There is hardly any public discussion in Germany about the situation at the Poland-Belarus border, says Raphael Bossong from the German Institute for International and Security Affairs, though this does not exclude the possibility that there may be “admonishments behind the scenes.”

Bossong says Germany is caught between a rock and a hard place. “On the one hand, Merkel wants a movement towards convergence of reception standards in all E.U. countries, because if standards are too low in some countries, refugees just run away, to Germany for example,” he said.

“On the other hand, she is still hoping for a political agreement on relocation by the summer, which means she cannot antagonize anyone too much, ” he said, referring to the beleaguered E.U. relocation scheme to distribute asylum seekers around the bloc.

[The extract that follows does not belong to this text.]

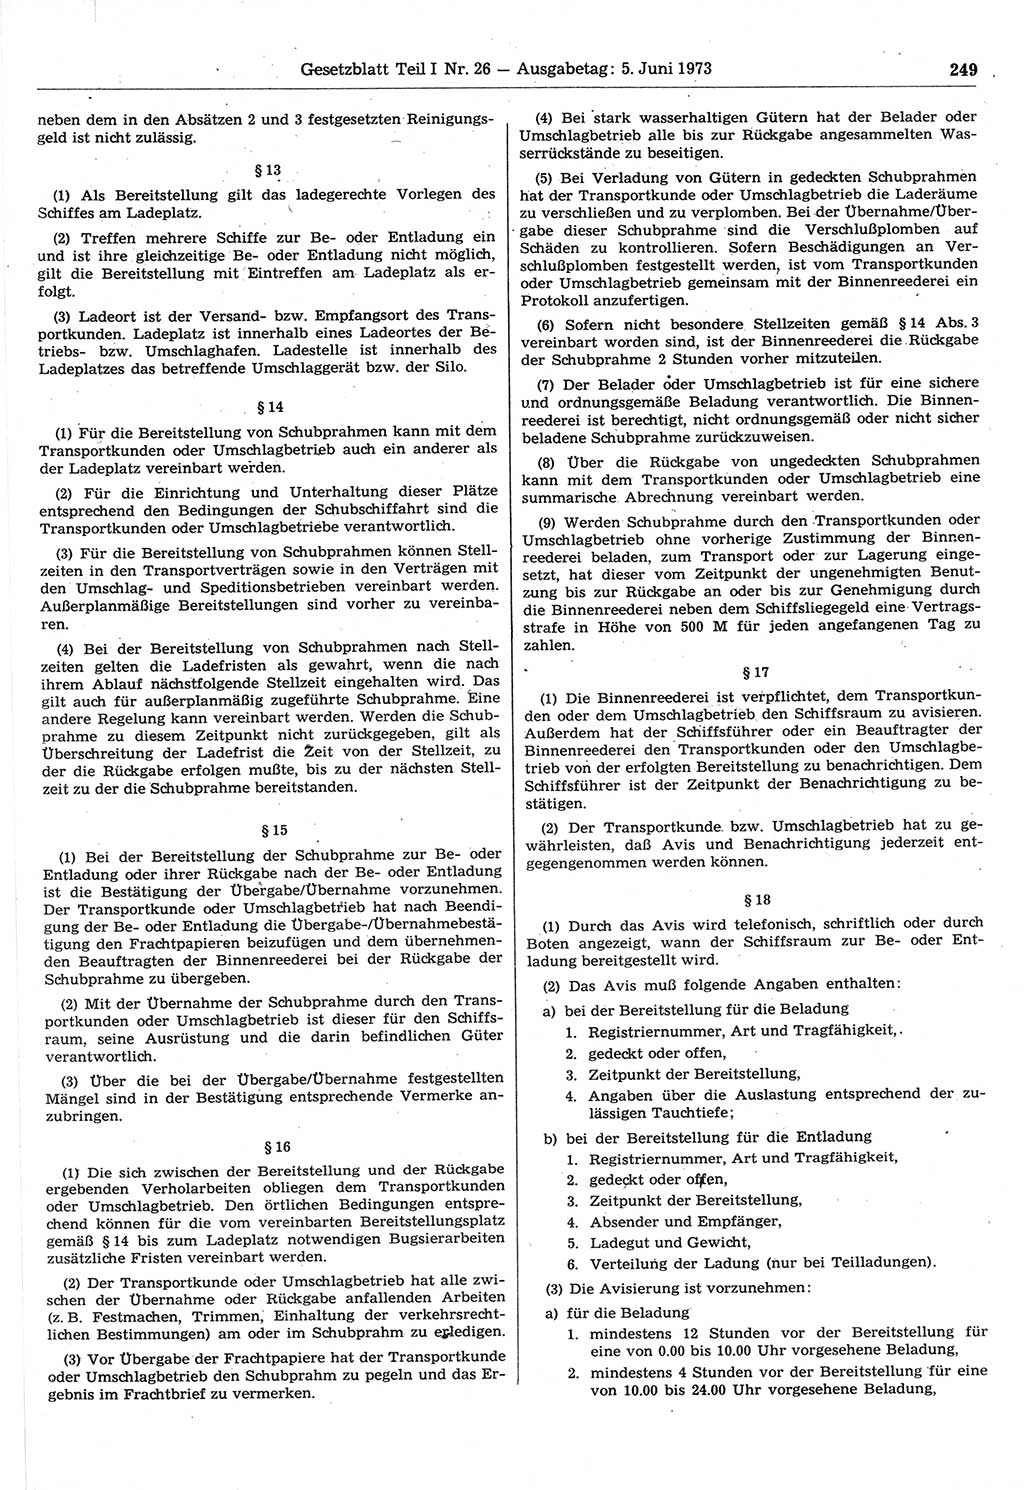 Gesetzblatt (GBl.) der Deutschen Demokratischen Republik (DDR) Teil Ⅰ 1973, Seite 249 (GBl. DDR Ⅰ 1973, S. 249)

“The E.U.’s reluctance to act on the Polish-Belarus border shows the flawed compromise the E.U. is willing to accept in order to keep the migration crisis away from the heart of Europe,” said Dam from Human Rights Watch.

Back in Belarus

Those rejected at Poland’s border face grim prospects in Belarus, a country tightly controlled by strongman Alexander Lukashenko.

The E.U. is currently negotiating a ‘mobility partnership’ with Belarus, offering expedited visas for Belarus citizens, as well as a ‘readmission agreement’ to allow European nations to send rejected asylum seekers who came via Belarus back to the country, echoing similar readmission deals with Russia, Ukraine and Georgia.

Last year, the E.U. committed 7 million euros ($7.6 million) to help reform Belarus’s migration management system, including the construction of detention centers for migrants.

“The E.U. may be framing mobility partnerships as facilitators of regular migration, but in reality they are just another tool of restrictive migration management,” said Oleg Korneev, a University of Paris-13 researcher.

Chechens trying to get asylum in Poland could get caught up in this deal. “If the Chechens or other migrants cross the border without documents or they are refused entry, there is a chance they will end up in detention centers in Belarus,” Korneev said.

This version corrects that 2,900 is the annual number of asylum applications at the Terespol border, not in Poland overall.